Note that gcc gives a more explicit error:

error: no matching function for call to 'AcceptAnything(<unresolved overloaded function type>)'

The issue is similar with a statement as auto f = &Foo, which cannot be resolved either, although the error message is less explicit in that case.

To give a different perspective on the issue, note that the following code compiles, because it makes (1) explicit, and therefore allows the compiler to resolve the overload set in (2):

AcceptAnything<void()>(&Foo);

The reaons why this works is similar to why the resolution can happen in the following statement: void (*f)() = &Foo;.

See repro: godbolt

---

relevant extracts from standard

If (2) is done independently of (1), we would have a target type that would resolve the address of the overload set, and discard the function template named Foo.
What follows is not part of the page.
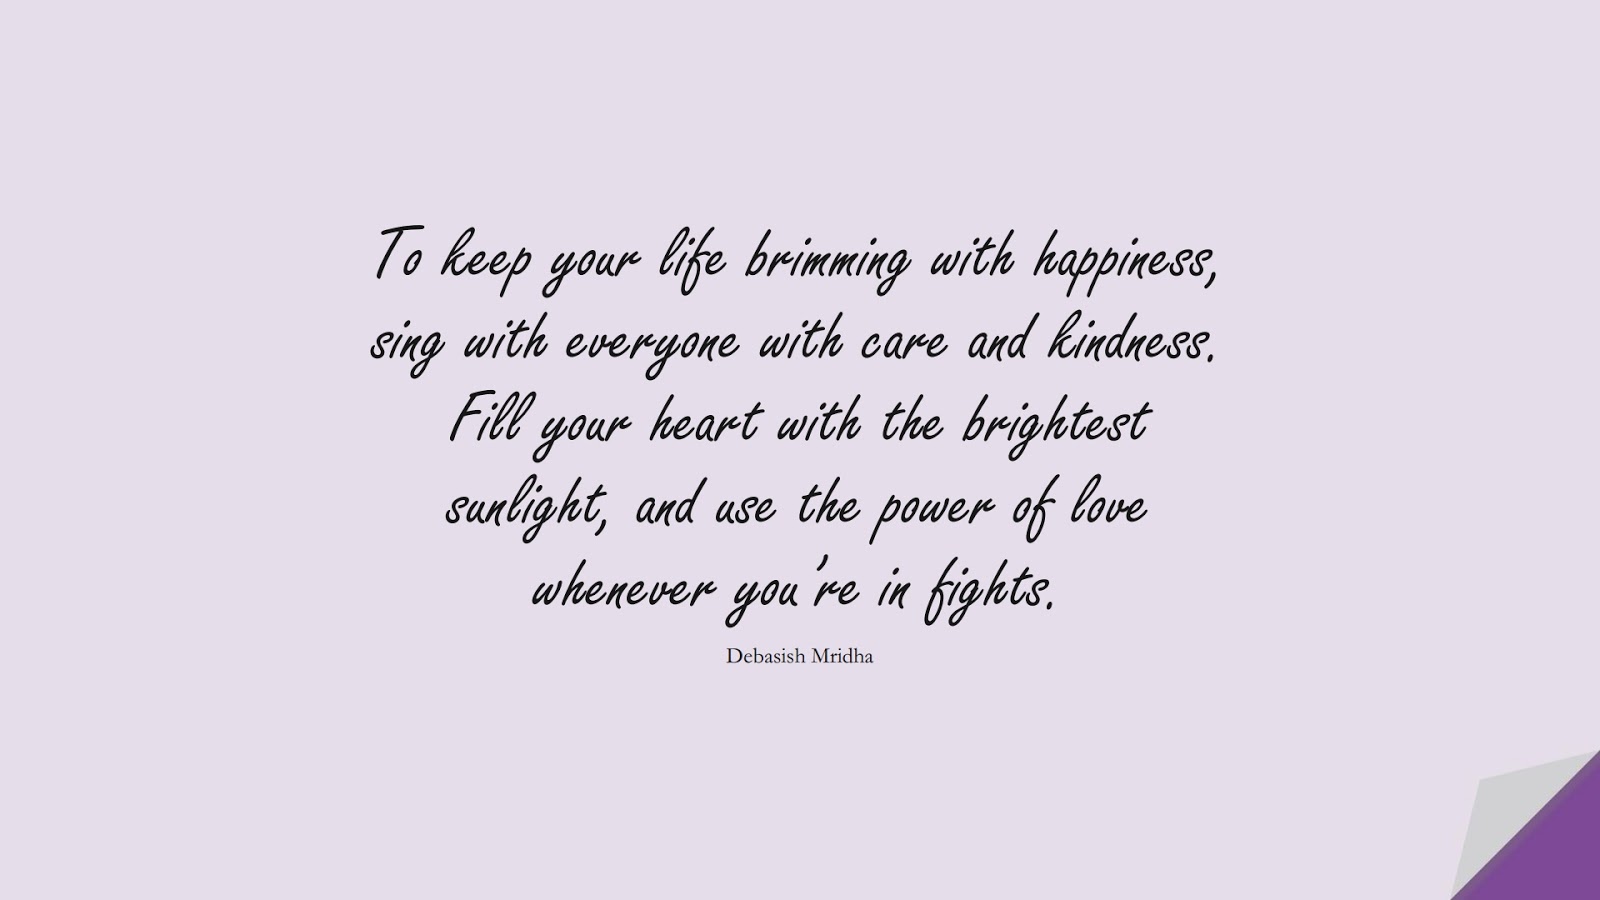 To keep your life brimming with happiness, sing with everyone with care and kindness. Fill your heart with the brightest sunlight, and use the power of love whenever you’re in fights. (Debasish Mridha);  #HappinessQuotes

See over.over:

An id-expression whose terminal name refers to an overload set S and that appears without arguments is resolved to a function, a pointer to function, or a pointer to member function for a specific function that is chosen from a set of functions selected from S determined based on the target type required in the context (if any), as described below. The target can be

• (1.1) an object or reference being initialized ([dcl.init], [dcl.init.ref], [dcl.init.list]),
• (1.2) the left side of an assignment,
• (1.3) a parameter of a function ([expr.call]),
• (1.4) a parameter of a user-defined operator,
• (1.5) the return value of a function, operator function, or conversion ([stmt.return]),
• (1.6) an explicit type conversion ([expr.type.conv], [expr.static.cast], [expr.cast]), or
• (1.7) a non-type template-parameter ([temp.arg.nontype]).

But in this situation, the type of the target (the parameter of the function) needs to be determined. Also note temp.deduct.funcaddr:

Template arguments can be deduced from the type specified when taking the address of an overload set. If there is a target, the function template's function type and the target type are used as the types of P and A, and the deduction is done as described in [temp.deduct.type]. Otherwise, deduction is performed with empty sets of types P and A.

In this case, the template type deduction fails. See temp.deduct.type:

In most cases, the types, templates, and non-type values that are used to compose P participate in template argument deduction. That is, they may be used to determine the value of a template argument, and template argument deduction fails if the value so determined is not consistent with the values determined elsewhere. In certain contexts, however, the value does not participate in type deduction, but instead uses the values of template arguments that were either deduced elsewhere or explicitly specified. If a template parameter is used only in non-deduced contexts and is not explicitly specified, template argument deduction fails.

and

The non-deduced contexts are:

[...]

• (5.6) A function parameter for which the associated argument is an overload set ([over.over]), and one or more of the following apply:
  • (5.6.1) more than one function matches the function parameter type (resulting in an ambiguous deduction), or
  • (5.6.2) no function matches the function parameter type, or
  • (5.6.3) the overload set supplied as an argument contains one or more function templates.

[...]

Answer 3

Not language lawyer here, but given the code snippet in the OP, the function template Foo doesn't undergo template argument deduction, so I think the answer is more straightforwardly contained in over.over#3:

The specialization, if any, generated by template argument deduction ([temp.over], [temp.deduct.funcaddr], [temp.arg.explicit]) for each function template named is added to the set of selected functions considered.

Because no specialization of the tempalted Foo has ever been produced, the set of selected functions considered truly only contains the non-templated Foo.